Microphone is off. Click “Start microphone”, then speak naturally for about ten seconds.

How It Works

While you speak, the tool tracks two things many listeners use to perceive a voice as more masculine or feminine. The first is fundamental frequency (F0) — your average pitch — found with a YIN pitch detector and reported as the median over your voiced samples (median resists the odd glitch). The second is resonance: the tool runs LPC analysis to estimate your vocal-tract formants and reports the average of the first three. Shorter or more “raised” vocal tracts tend to produce higher formants (a brighter resonance), which listeners associate with feminine-perceived voices; lower formants read as darker, more masculine-perceived. The marker blends both cues (pitch weighted a little more) and shows roughly where your voice’s sound currently sits.

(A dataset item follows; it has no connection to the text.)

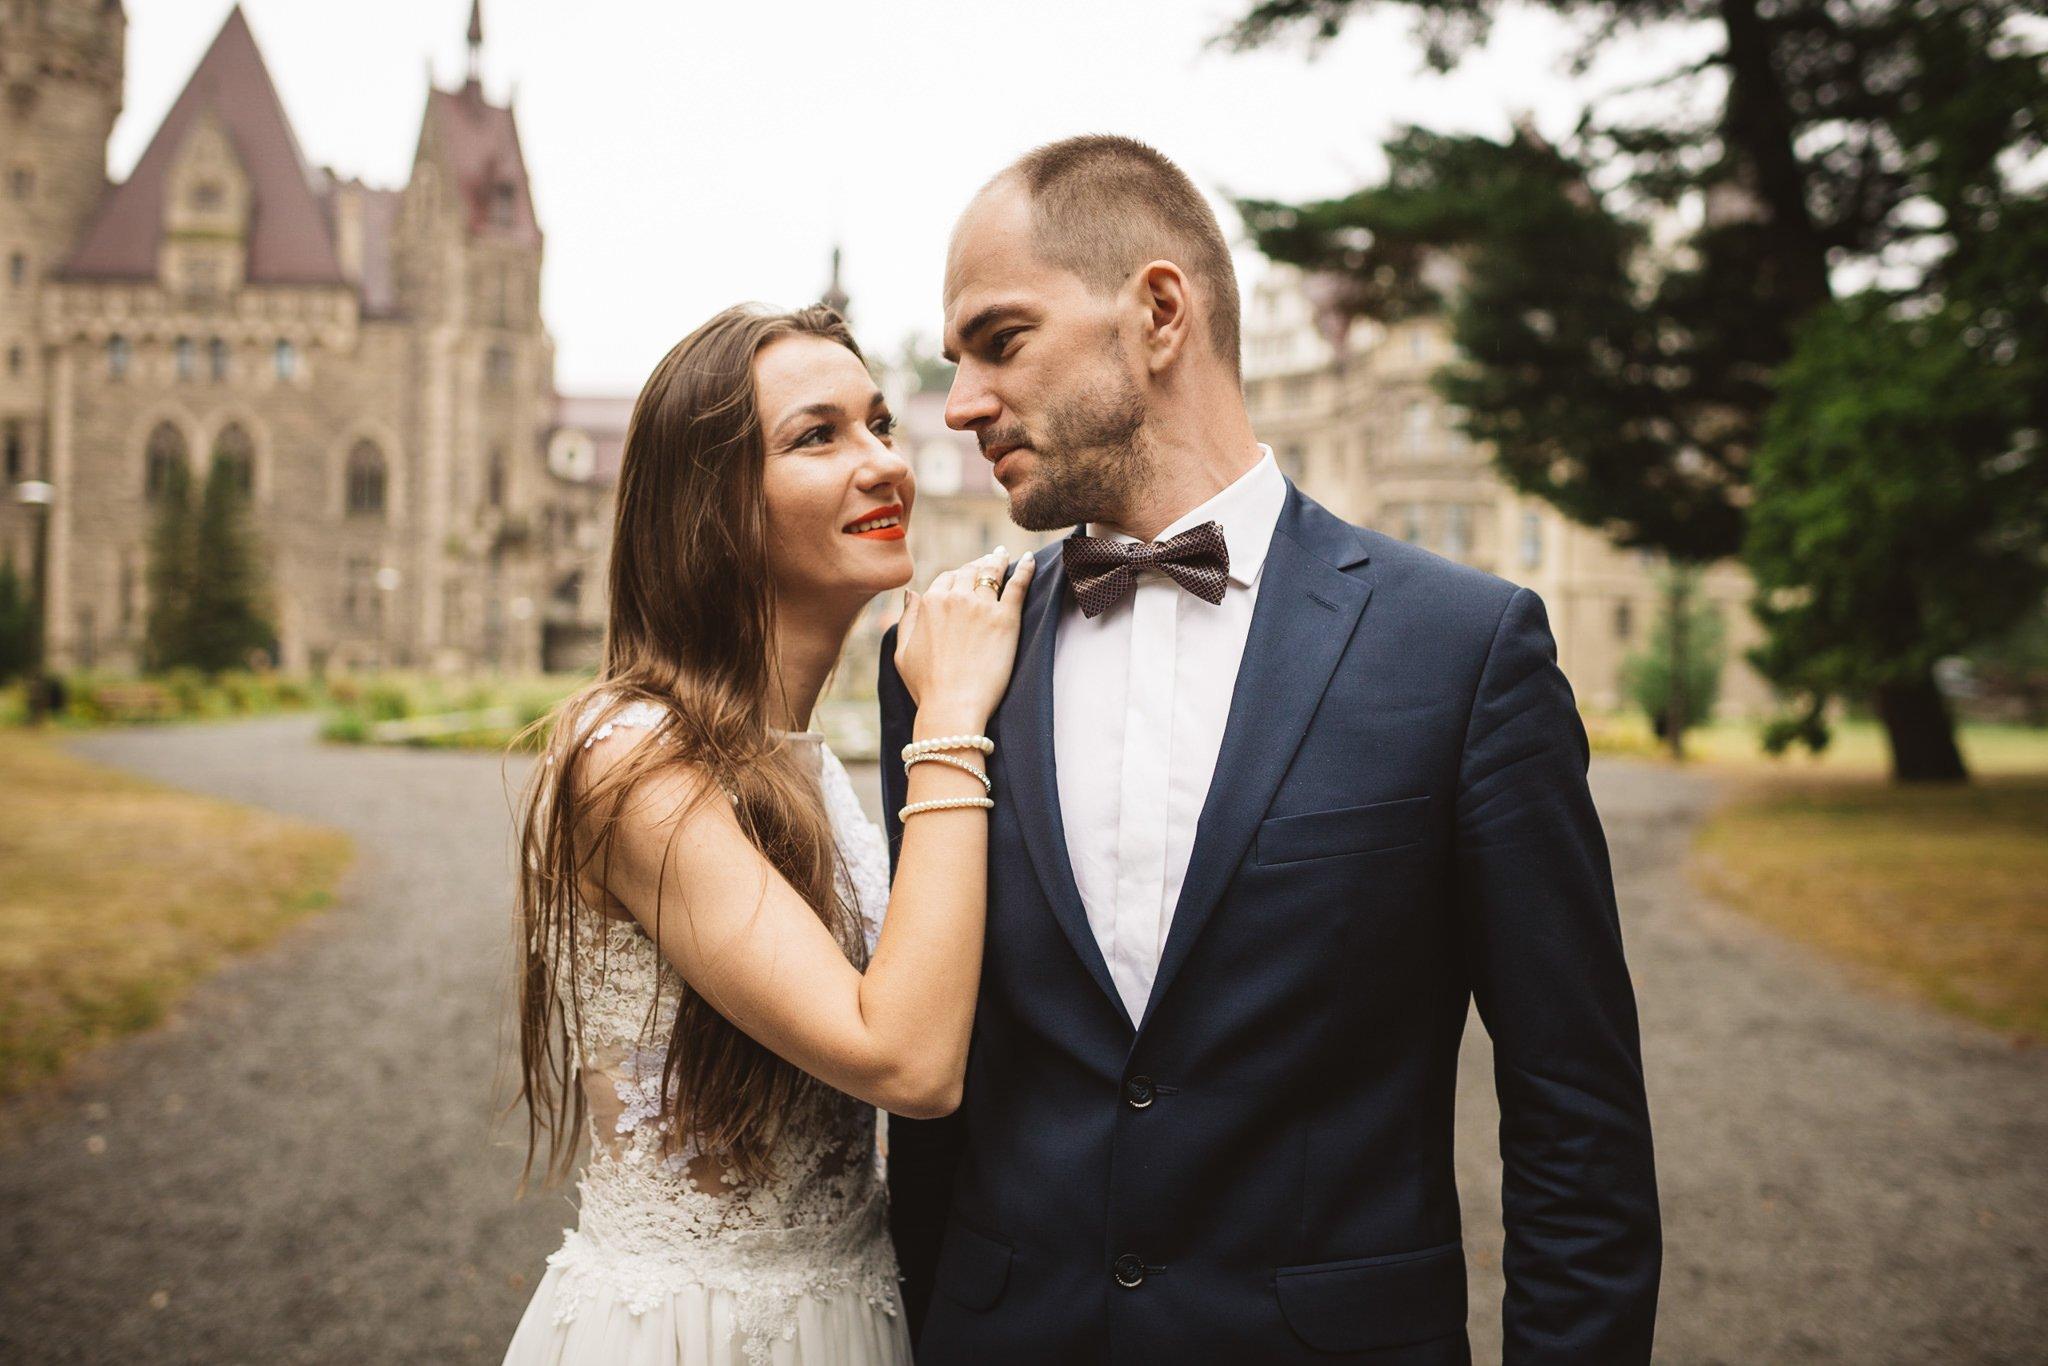 Ala i Arek, czyli jak zorganizować ślub i wesele w 4 tygodnie! 424

For context, adult speaking pitch averages sit around 100–130 Hz for many men and 190–220 Hz for many women, with a large overlap in between — and plenty of people sit happily in that overlap. Those are population statistics, not targets, and they say nothing about who you are. If you’re training your voice, the most useful thing here is watching the numbers change as you experiment: lift your larynx, brighten your vowels, find a comfortable pitch, and see the marker move. Trust your ears and, for gender-affirming work, a qualified speech-language pathologist over any single number.

Frequently Asked Questions

Does this tell me my gender or sex?
No — and nothing could from audio alone. Gender identity and sex are not acoustic properties. This tool only measures how your voice sounds (pitch and resonance) and where that sits on a perceptual range. The result is about sound, not identity.
Is this useful for voice feminization or masculinization training?
Yes — that’s the main use. Watch your pitch and resonance change as you practise, and use it as live feedback alongside the guidance of a speech-language pathologist for gender-affirming voice work.
Why does resonance matter as much as pitch?
Pitch alone doesn’t define a perceived voice — resonance (formants, set by vocal-tract shape) is a huge cue. Many trainees raise pitch but still read a certain way until they also shift resonance. That’s why both are shown.
Is my microphone recorded or uploaded?
No. Audio is analyzed live in your browser and never leaves your device. Stopping the mic releases it immediately.
Why do my numbers vary?
Pitch and resonance shift with how you speak, your mic’s frequency response, and the room. Use medians over several seconds and compare on the same setup. Formant (resonance) estimates from LPC are approximate.